# Suorin Air replacement cartridges



## Smoky Jordan (12/4/18)

Hi Guys

What vendors in JHB has stock of these cartridges?

Thank you.


----------



## SAVapeGear (12/4/18)

Vape Cartel will get next week.


----------



## Smoky Jordan (12/4/18)

SAVapeGear said:


> Vape Cartel will get next week.


Thanks @SAVapeGear it's just I got the set up on Tuesday and burnt out the coil so was really wanting to get a cartridge this weekend


----------



## SAVapeGear (12/4/18)

Smoky Jordan said:


> Thanks @SAVapeGear it's just I got the set up on Tuesday and burnt out the coil so was really wanting to get a cartridge this weekend


I am in the same boat.Went through 7 refills and need more pods.


----------



## Smoky Jordan (12/4/18)

SAVapeGear said:


> I am in the same boat.Went through 7 refills and need more pods.


I took a hit to see the airflow feel when I got it but left it on so I roasted the coil like a dumbass

Reactions: Funny 1


----------



## SAVapeGear (12/4/18)

Smoky Jordan said:


> I took a hit to see the airflow feel when I got it but left it on so I roasted the coil like a dumbass


Sorry about that.Don't think other vendors have them yet.Only Sirvape.

Reactions: Thanks 1


----------



## Smoky Jordan (12/4/18)

Such a BUMMER


----------



## Amir (13/4/18)

try noonclouds


----------



## craigb (13/4/18)

Smoky Jordan said:


> I took a hit to see the airflow feel when I got it but left it on so I roasted the coil like a dumbass


I'm laughing, but with you, not at you.

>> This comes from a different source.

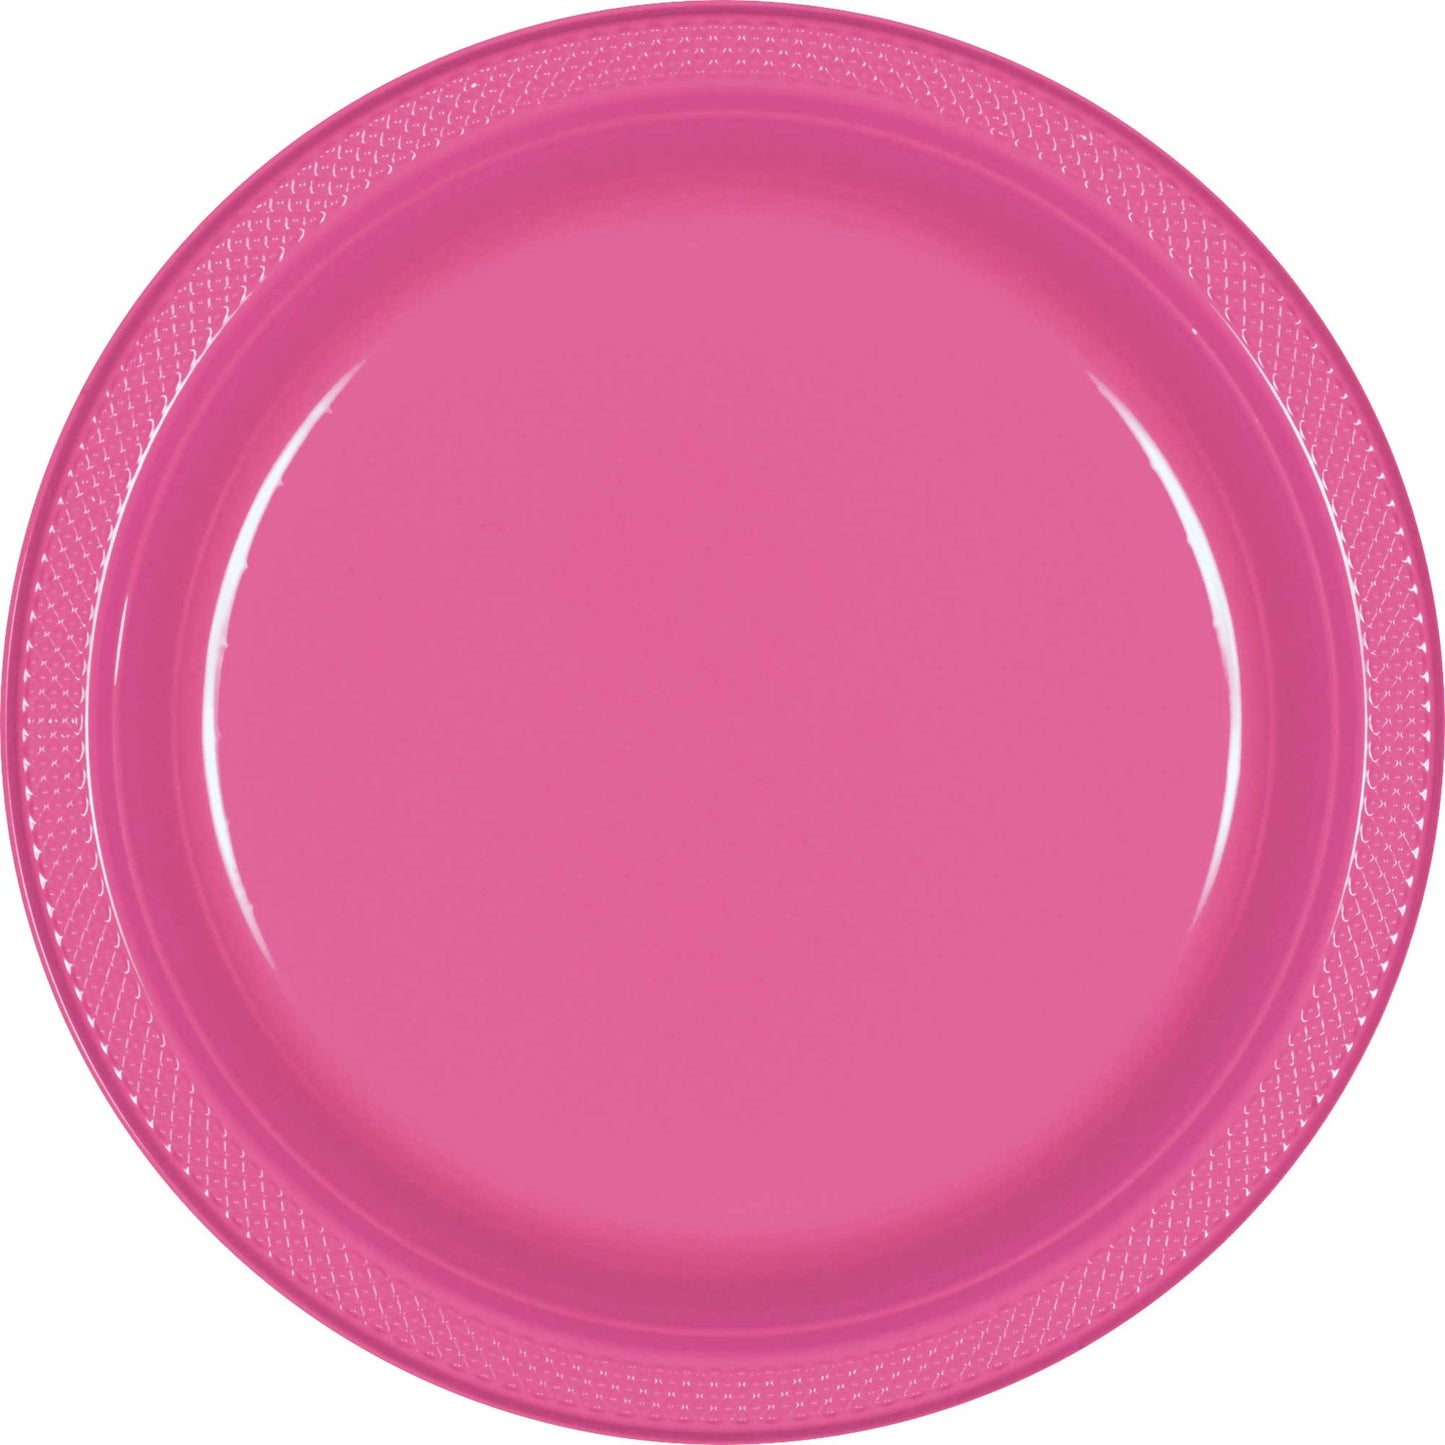 Premium Plastic Plates 26cm 20 Pack - Bright Pink

It's exactly the sort of thing I would do.

<note to self - when I get a pod system, make sure device is off before doing test puffs>

Reactions: Agree 2


----------



## Smoky Jordan (13/4/18)

Amir said:


> try noonclouds


Sold out unfortunately


----------



## SEAN P (13/4/18)

Our pods will be in on Monday according to tracking. They are going to be about R60


----------



## Smoky Jordan (13/4/18)

Thanks @SEAN P would have loved to have collected them this weekend

Reactions: Like 1


----------



## SEAN P (13/4/18)

Smoky Jordan said:


> Thanks @SEAN P would have loved to have collected them this weekend


I know how you feel @Smoky Jordan i actually bought a new unit yesterday just for the pod

Reactions: Like 1


----------



## Amir (13/4/18)

Smoky Jordan said:


> Sold out unfortunately



https://www.sirvape.co.za/collections/new/products/suorin-air-replacement-pod-coil

Reactions: Thanks 1


----------



## SEAN P (13/4/18)

@Smoky Jordan i just got a update on that shipment. It is out on delivery for this afternoon. If all goes well we will have the pods in stock. I will post up as soon as they are in

Reactions: Like 1 | Winner 1


----------



## Smoky Jordan (13/4/18)

SEAN P said:


> @Smoky Jordan i just got a update on that shipment. It is out on delivery for this afternoon. If all goes well we will have the pods in stock. I will post up as soon as they are in


Arr yeah!!!! AWESOME !!! Will be there in the morning to collect

Reactions: Like 1 | Winner 1


----------



## Amir (13/4/18)

SEAN P said:


> @Smoky Jordan i just got a update on that shipment. It is out on delivery for this afternoon. If all goes well we will have the pods in stock. I will post up as soon as they are in



This is why me loves the Cartel

Reactions: Agree 1 | Winner 1


----------



## SEAN P (13/4/18)

Good news guys. Pods are in. They will be up on the site shortly


----------



## Smoky Jordan (13/4/18)

SEAN P said:


> Good news guys. Pods are in. They will be up on the site shortly


Whoop whoop


----------